経口補水液の販売ルール、来月施行へ 誤使用防止に向けた新たな表示義務と販売条件が明文化
消費者庁は2024年12月に改正した次長通知および内閣府令に基づき、特別用途食品「経口補水液」の表示および販売に関する新たなルールを6月1日より施行する。誤用による健康被害のリスクに対応するため、表示義務の強化や販売形態ごとの留意事項が明文化され、メーカー・小売業者には実務対応が求められる。
医師の指導前提 清涼飲料水と区別を明確に
経口補水液は、下痢や嘔吐による脱水症状への対応を目的とした病者用食品であり、ナトリウムやカリウムなどの電解質を多く含む点で一般の清涼飲料水とは異なる。
そのため、脱水状態でない健康な人が日常的に摂取すると、短期的に健康に悪影響を及ぼす可能性があるとされている。
新ルールではこの点を踏まえ、「経口補水液」の販売方法に関する詳細なガイドラインが追加された。たとえば、実店舗で販売する場合は、商品を他の飲料と明確に区別して陳列し、医師からの指示を受けて使用すべき旨をシールやポップで表示することが求められる。
オンライン販売や自販機にも条件
インターネット販売においては、購入前に「医師の指導がある場合のみ使用」などの重要表示内容について、消費者が確認・同意するプロセス(チェックボックスなど)を設けることが推奨されている。

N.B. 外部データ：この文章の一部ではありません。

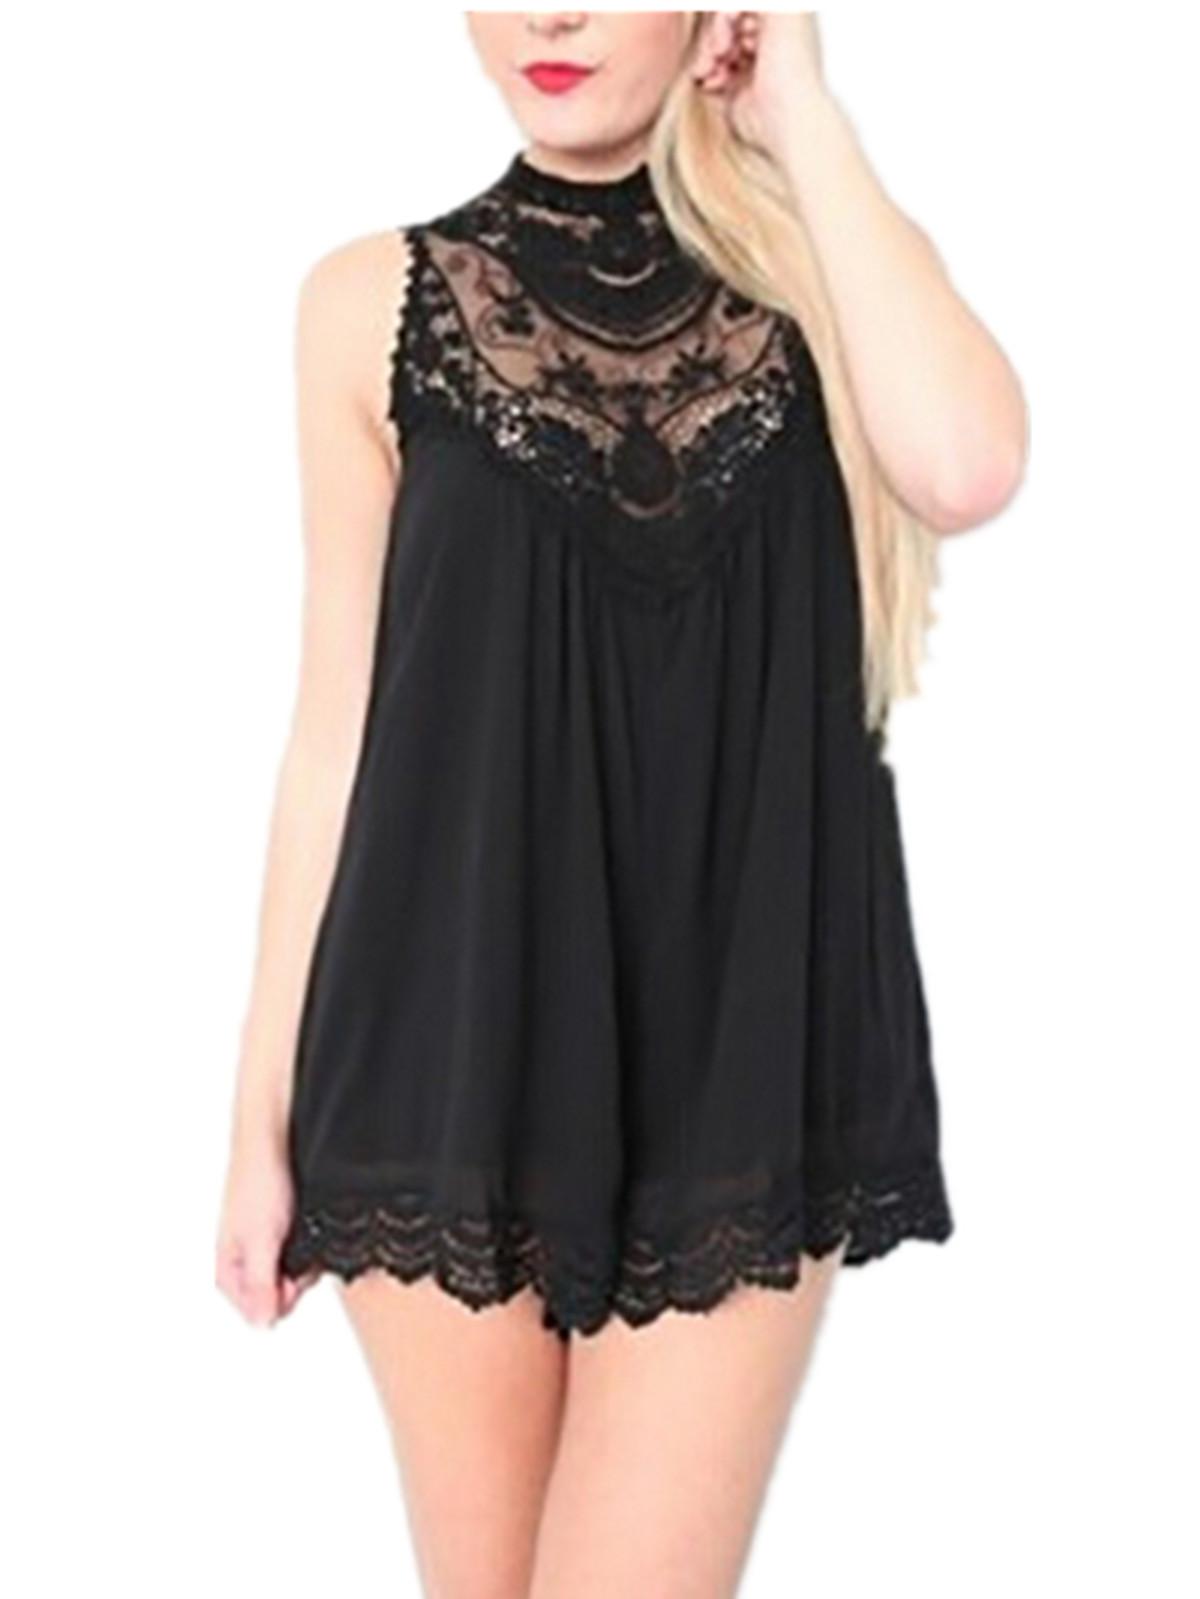 zanzea Lace Crochet Chiffon Mini Dress (Black)

また、自動販売機での販売についても、画面表示などで購入前に注意事項を確実に認知できる設計であることが条件とされ、一般飲料との差別化が強く求められている。
さらに、ラベルレス製品の販売は禁止される。これは購入後の使用段階においても、表示事項が確実に消費者に伝わるようにするためである。
メーカー・販売事業者には体制整備が必須
経口補水液の販売に際しては、医師や管理栄養士など医療関係者による説明体制の整備や、販売時の注意喚起を徹底するなど、実務対応の強化が求められる。
改正後の表示基準は、申請者が消費者への情報伝達手段を文書で提示することも要件となっており、特別用途食品としての責任が明確化された形だ。
消費者庁は、新制度の目的として「消費者の誤使用を防止し、国民の健康保護を図ること」を強調している。経口補水液を取り扱うすべての事業者は、新ルールを遵守した運用体制を早急に整える必要がある。